COMPARISON OF OPERATING RESULTS FOR THE SIX MONTHS ENDED JUNE 30, 1999 AND 1998

     Net income was $11.4 million, or $.45 per diluted share, for the six months
ended June 30, 1999 compared to net income of $8.9 million for the comparable
period in 1998. The 1999 results, as compared to 1998, include an increase of
$5.8 million, or 19.3%, in net interest income, a decrease of $724,000, or
15.4%, in non-interest income and an increase of $1.9 million, or 9.5%, in
non-interest expense. The Company's effective tax rate declined to 35.6% in 1999
from 37.9% in the comparable 1998 period.

     INTEREST INCOME. Interest income for the six months ended June 30, 1999 was
$66.3 million, compared to $61.2 million for the six months ended June 30, 1998,
an increase of $5.1 million, or 8.3%. All of the increase in interest income
resulted from growth in average interest-earning assets of $220.2 million, or
13.7%, as the overall yield on interest-earning assets declined by 37 basis
points in the 1999 period. Yields continue to be impacted by aggressive price
competition for both new and existing loan relationships. The principal areas of
growth in average balances were related to real estate loans (up $144.9 million,
or 15.8%) and indirect auto loans (up $110.9 million, or 47.5%). Most of the
real estate loan growth resulted from increased originations and retention in
portfolio of one-to-four family real estate loans. The increase in indirect auto
loans resulted from an improved economic environment within Compass's local
markets and the continued emphasis of this area of lending.

     The net proceeds of the November 1998 stock offering of $121.4 million had
a positive impact on the Company's interest income and, in particular, its net
interest income. Of the increase of $5.1 million in interest income,
approximately $3.6 million is attributable to the earnings on the use of the net
proceeds of the stock offering during the six months ended June 30, 1999.

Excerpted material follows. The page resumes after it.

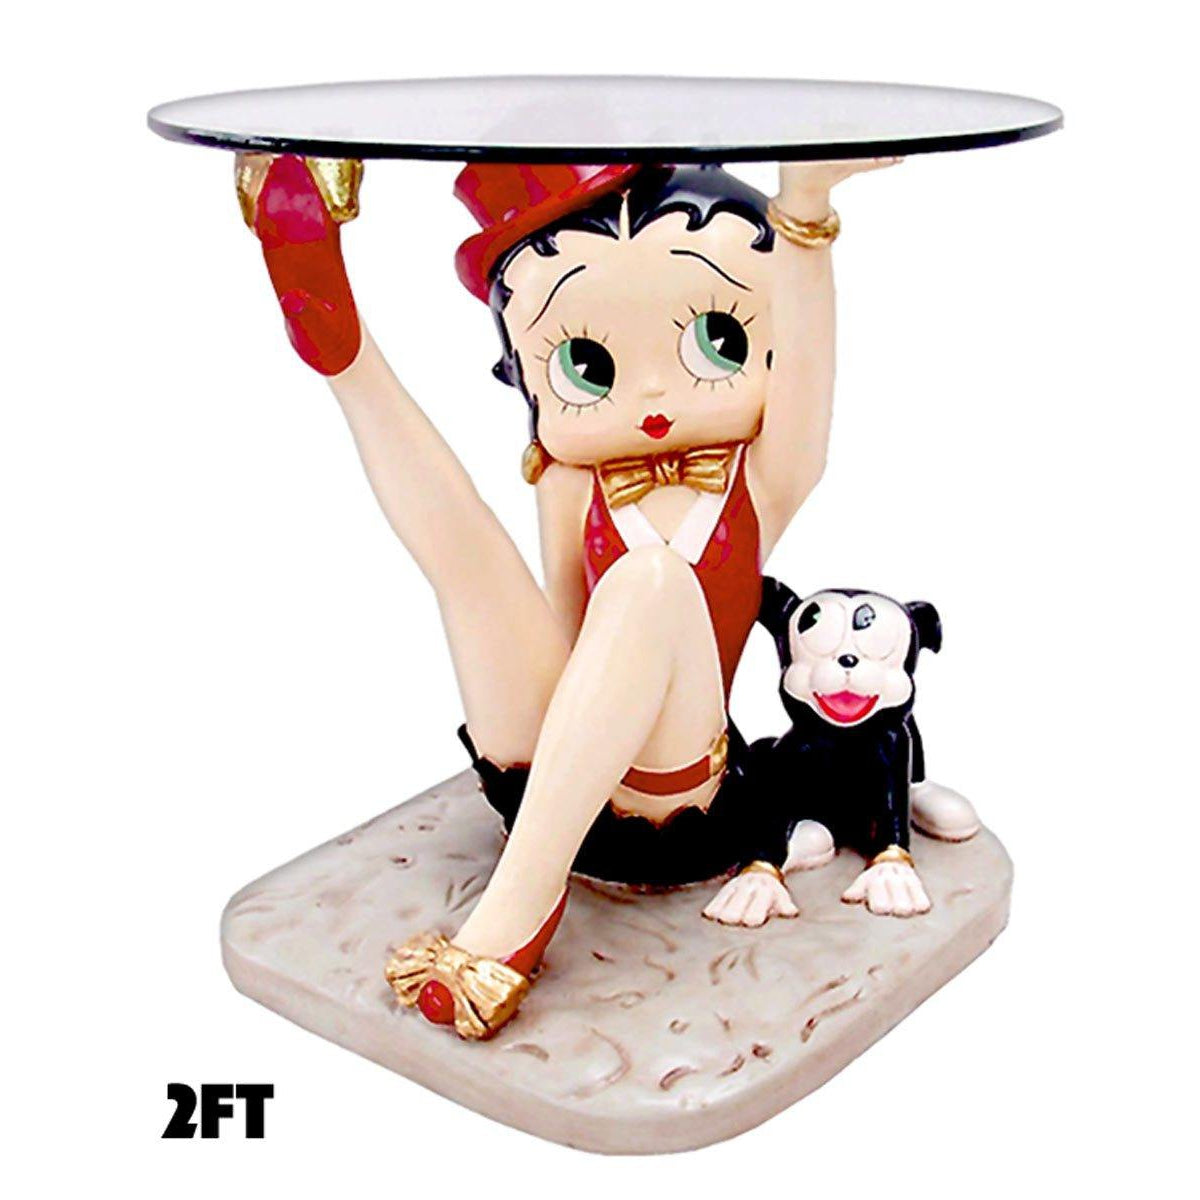 Betty Boop Table (Betty Boop) - Gallery Gifts Online

     INTEREST EXPENSE. Interest expense for the six months ended June 30, 1999
was $30.3 million compared to $31.1 million for the six months ended June 30,
1998, a decrease of $726,000 or 2.3%. This decrease resulted from a 36 basis
points decline in the cost of all funds from 4.39% in 1998 to 4.03% in 1999,
substantially offset by a higher average balance of interest-bearing liabilities
(up $91.5 million, or 6.5%). Average interest-bearing deposit balances increased
$85.9 million, or 6.6%, during the six months ended June 30, 1999 compared to
the same period in 1998.

     Interest expense on borrowed funds decreased $36,000, or 1.0%, in the six
months ended June 30, 1999 due to a $5.6 million, or 4.6%, increase in the
average balance of such funds partially offset by a 33 basis points reduction in
the average rate paid on borrowed funds to 5.80% in the 1999 period compared to
6.13% in the 1998 period.

     PROVISION FOR LOAN LOSSES. Compass provided $575,000 for loan losses in the
six months ended June 30, 1999 compared to $705,000 in the six months ended June
30, 1998. The provision was primarily attributable to the growth in the loan
portfolio.


                                      -15-


     NON-INTEREST INCOME. Total non-interest income was $4.0 million for the six
months ended June 30, 1999 compared to $4.7 million in the same period of 1998,
a decrease of $724,000. Gains on the sale of loans and investments declined by
$533,000 during the six months ended June 30, 1999 as compared to the comparable
period in 1998 as a result of the previously noted temporary change in practice
whereby fixed rate residential mortgage loans with terms of 15 years or longer
are not being sold in the secondary mortgage market.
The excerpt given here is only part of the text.